Here's how we can imagine a machine does this: use triples of states $\langle p,q,r \rangle$. The machine guesses $p$ at the beginning and it doesn't change, so it remembers which one was guessed. The state $q$ is the state that the machine ends up in by guessing a prefix starting from the initial state $q_0$. The state $r$ is the state that the machine ends up in by processing $y$ and starting on $p$.

Let $L$ be recognized by a DFA $A = (Q,\Sigma,\delta,q_0,F)$. We will construct an NFA $A' = (Q',\Sigma,\delta',I',F')$, where

$Q' = Q \times Q \times Q$,
$I' = \{\langle p,q_0,p \rangle \mid p \in Q\}$,
$F' = \{\langle p,p,q \rangle \mid q \in F\}$,
$\delta'(\langle p,q,r \rangle,a) = \{ \langle p,\delta(q,b),\delta(r,a) \rangle \mid b \in \Sigma \}$.

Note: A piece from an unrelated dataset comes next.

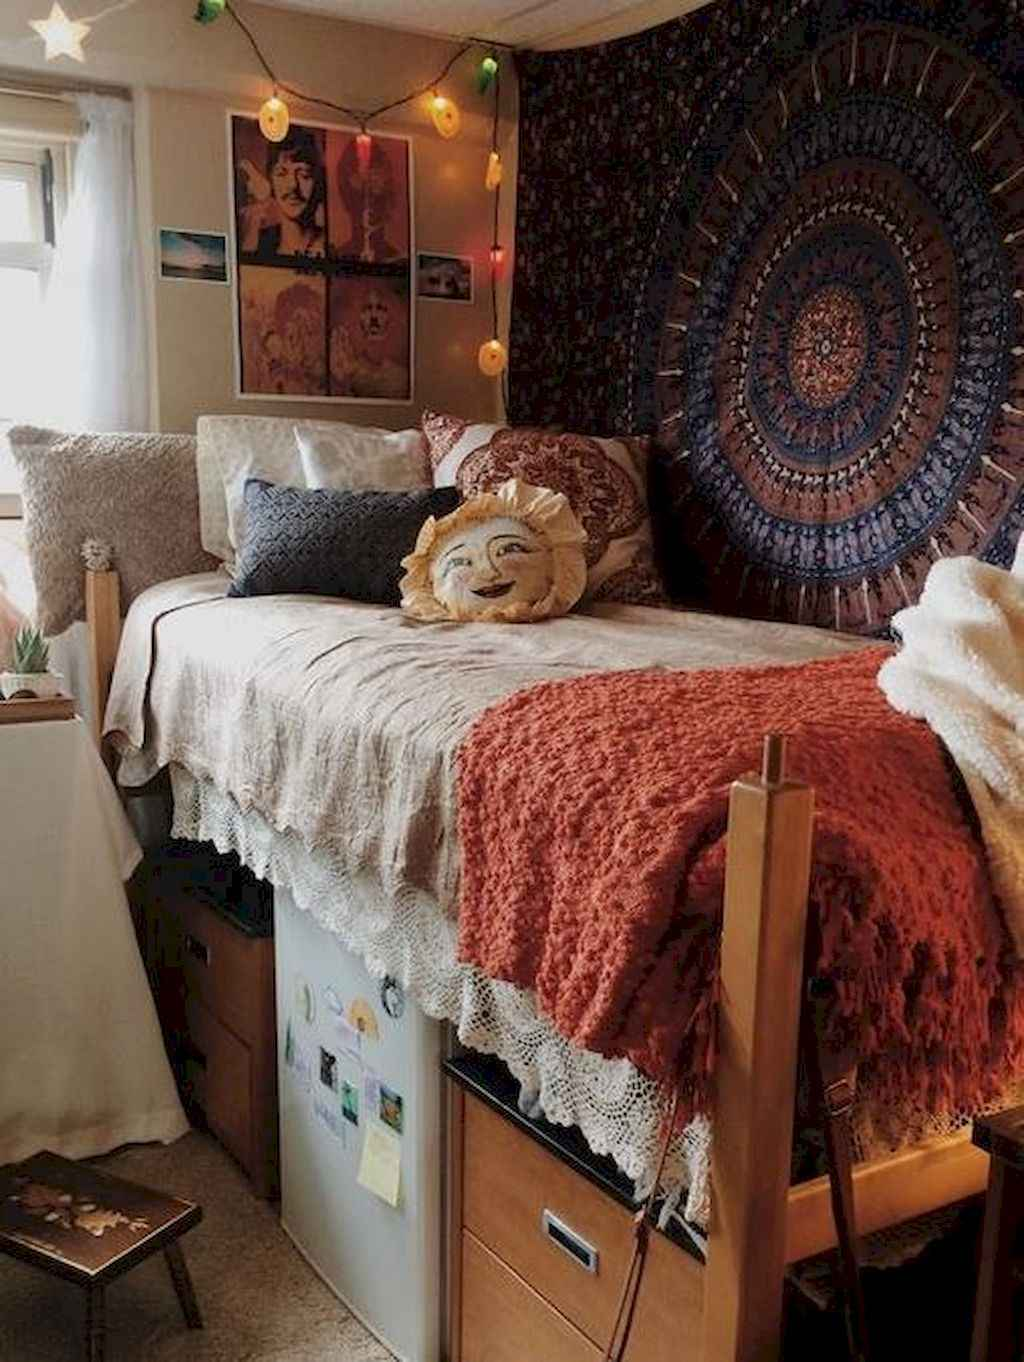 Cute diy dorm room decorating ideas on a budget (62)

To prove this formally we can show that $\langle p,q,r \rangle \in \delta'(I',x)$ if and only if there exists $x \in \Sigma^*$ with $|x| = |y|$ such that $\delta(q_0,x) = q$ and $\delta(p,y) = r$ by induction on $|y|$. Then we have \begin{align*} \delta'(I',y) \cap F' \neq \emptyset &\iff \exists x \in \Sigma^*, |x| = |y|, \delta(q_0,x) = p, \delta(p,y) \in F \\ &\iff \exists x \in \Sigma^*, |x| = |y|, \delta(q_0,xy) \in F \\ &\iff \exists x \in \Sigma^*, |x| = |y|, xy \in L \end{align*}

The power of nondeterminism

So now, the obvious question to ask is: does nondeterminism really give us more power? That is, can NFAs recognize languages that DFAs can't? It turns out the answer is no.

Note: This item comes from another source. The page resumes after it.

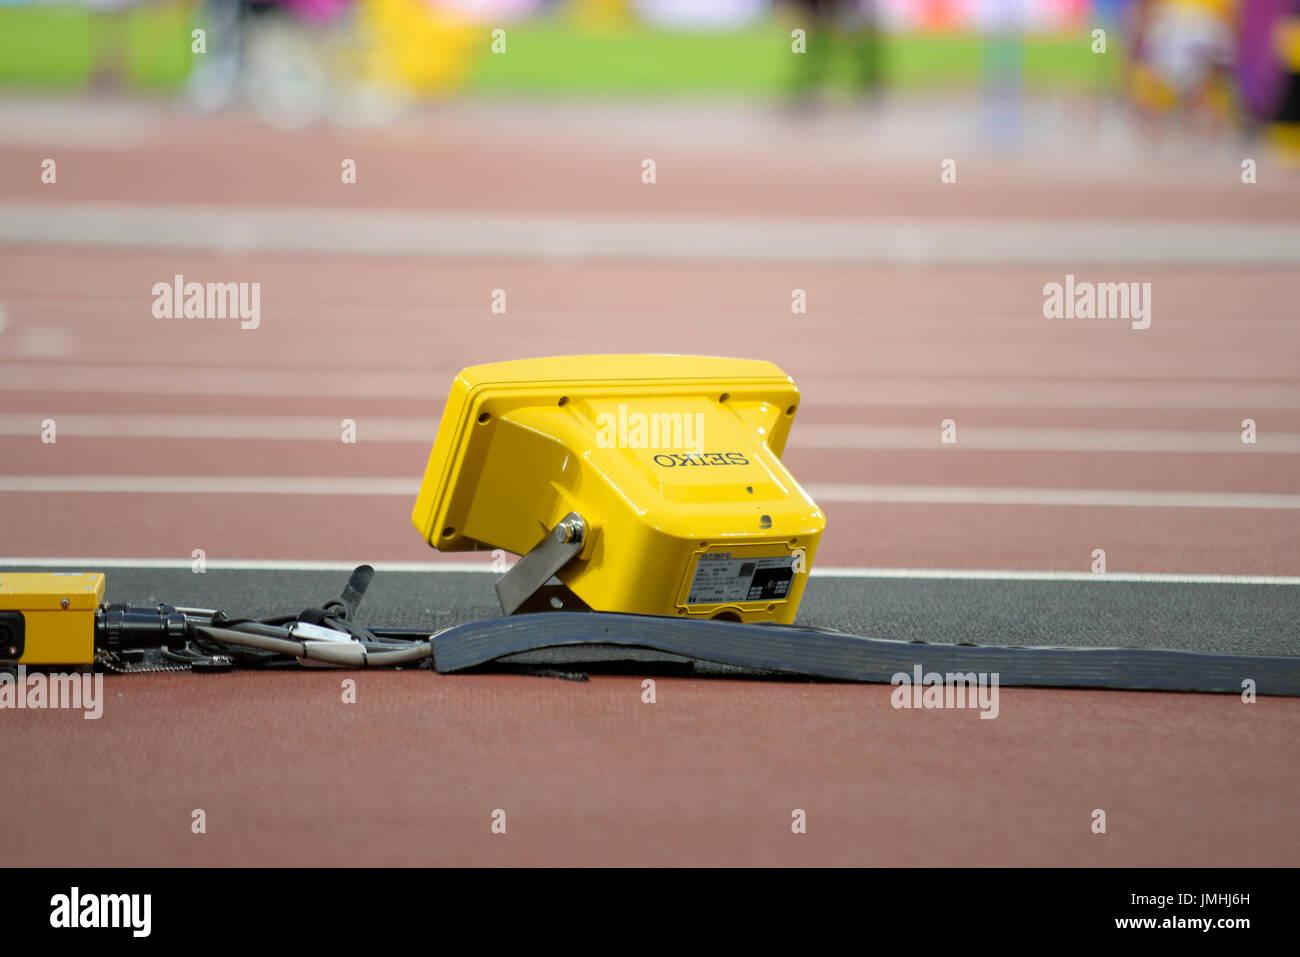 Seiko track starting equipment at the World Para Athletics Championships in the London Stadium - Stock Image

But how? We'll show that given any NFA $N$, we can construct a DFA $M$ that accepts the same language. The key observation is in examining what exactly is happening with our nondeterministic transition function. Remember that for each state and symbol, the transition function gives a set of states rather than a single state as a deterministic finite automaton.

So how many sets are there? If there are $n$ states, then there are $2^n$ possible subsets of $Q$. This is a large number which we've been trained as computer scientists to be alarmed at, but the important thing is that it is finite. This gives us a way to "simulate" the nondeterminism of an NFA using a DFA: just make each subset of $Q$ its own state!

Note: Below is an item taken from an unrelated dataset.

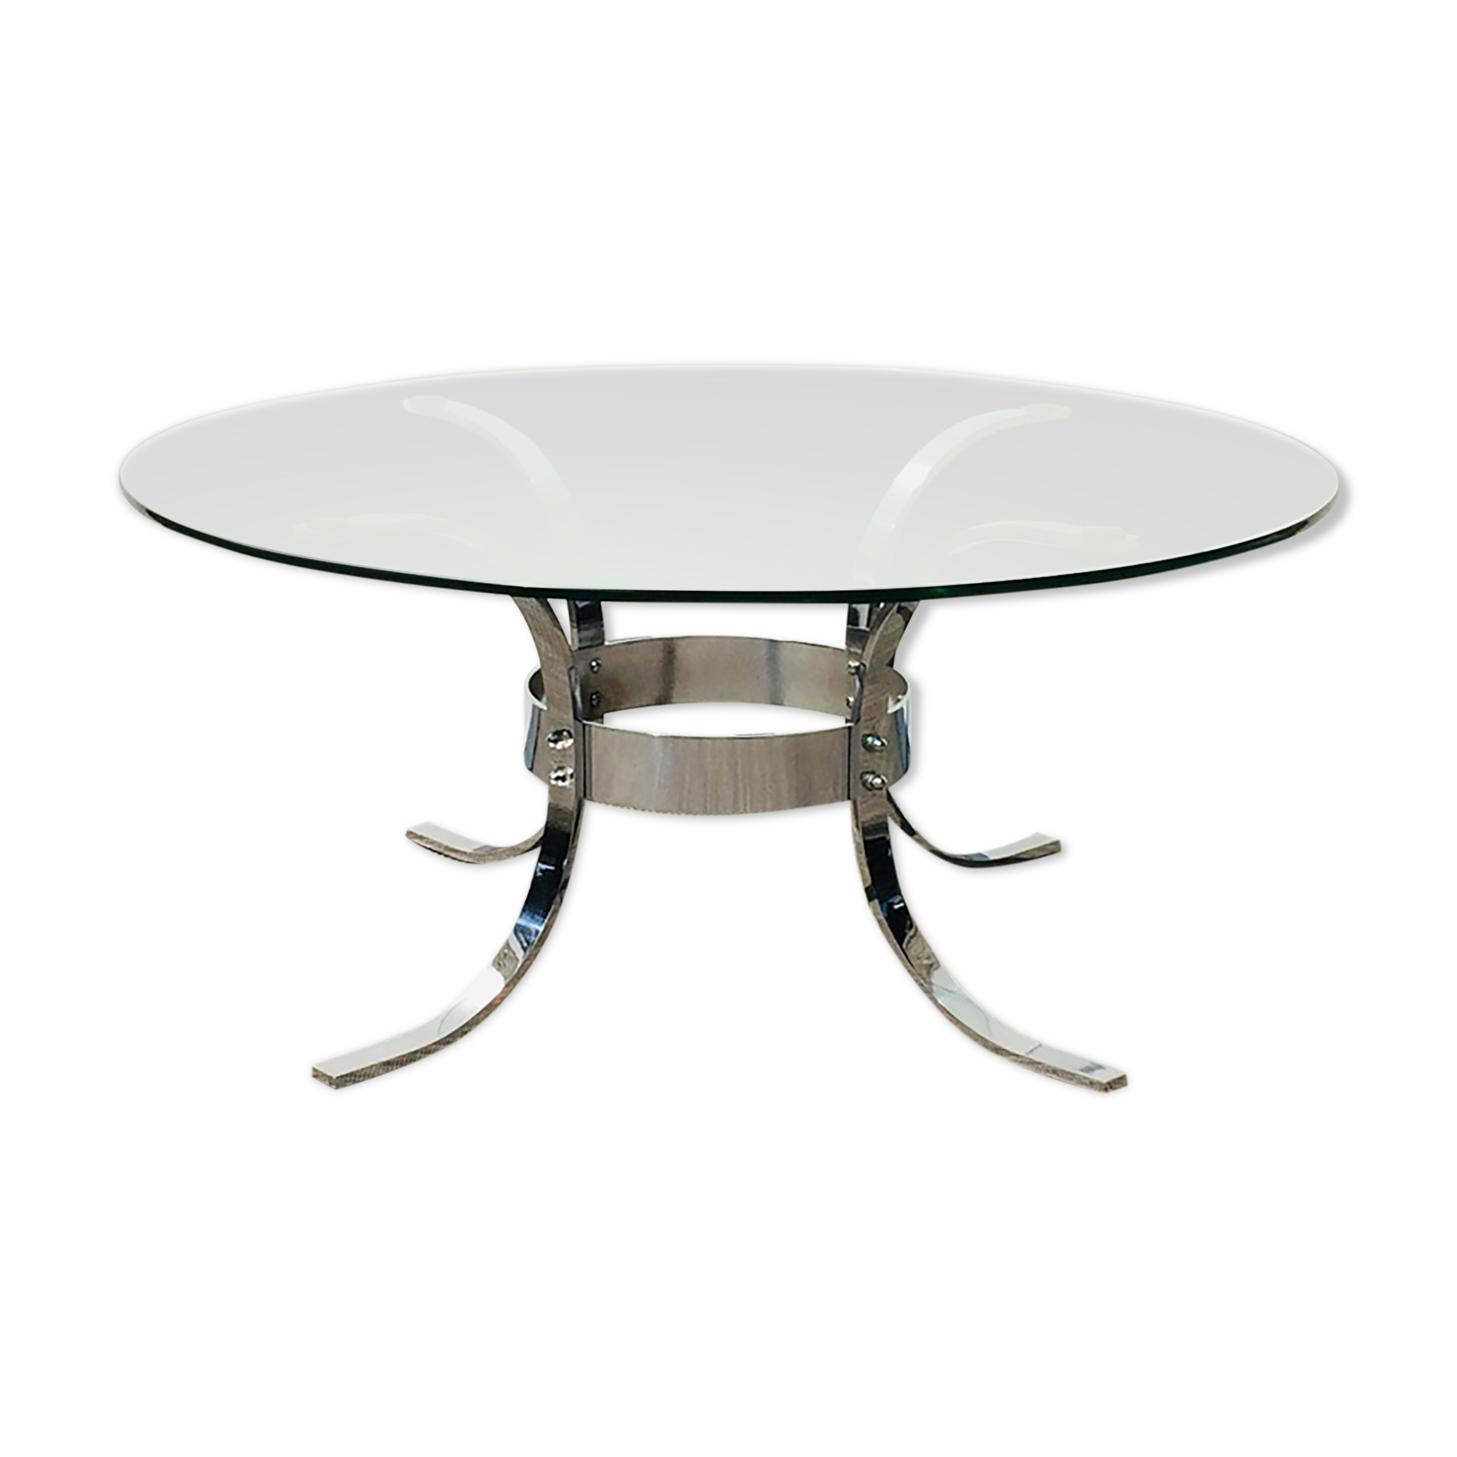 Table basse ronde vintage 70

This construction is called the subset construction and was again due to Rabin and Scott in 1959. An interesting question that one can consider is when the worst case of $2^n$ states comes up. Similar questions about the worst-case growth in the number of states of a DFA or NFA can be asked for other transformations or language operations in a line of research in automata theory called state complexity.

For instance, recall our NFA for $L \frac 1 2$. Since the states of our NFA is the set of 3-tuples of states of our original machine, if we started with an $n$-state DFA, we'd construct an NFA that has $n^3$ states. Taking the subset construction of this means that we could end up with $2^{n^3}$ states in an equivalent DFA. It turns out if you come up with a clever enough construction, Mike Domaratzki showed in 2001 that a DFA recognizing $L \frac 1 2$ only requires at most $n e^{\Theta(\sqrt{n \log n})}$ states.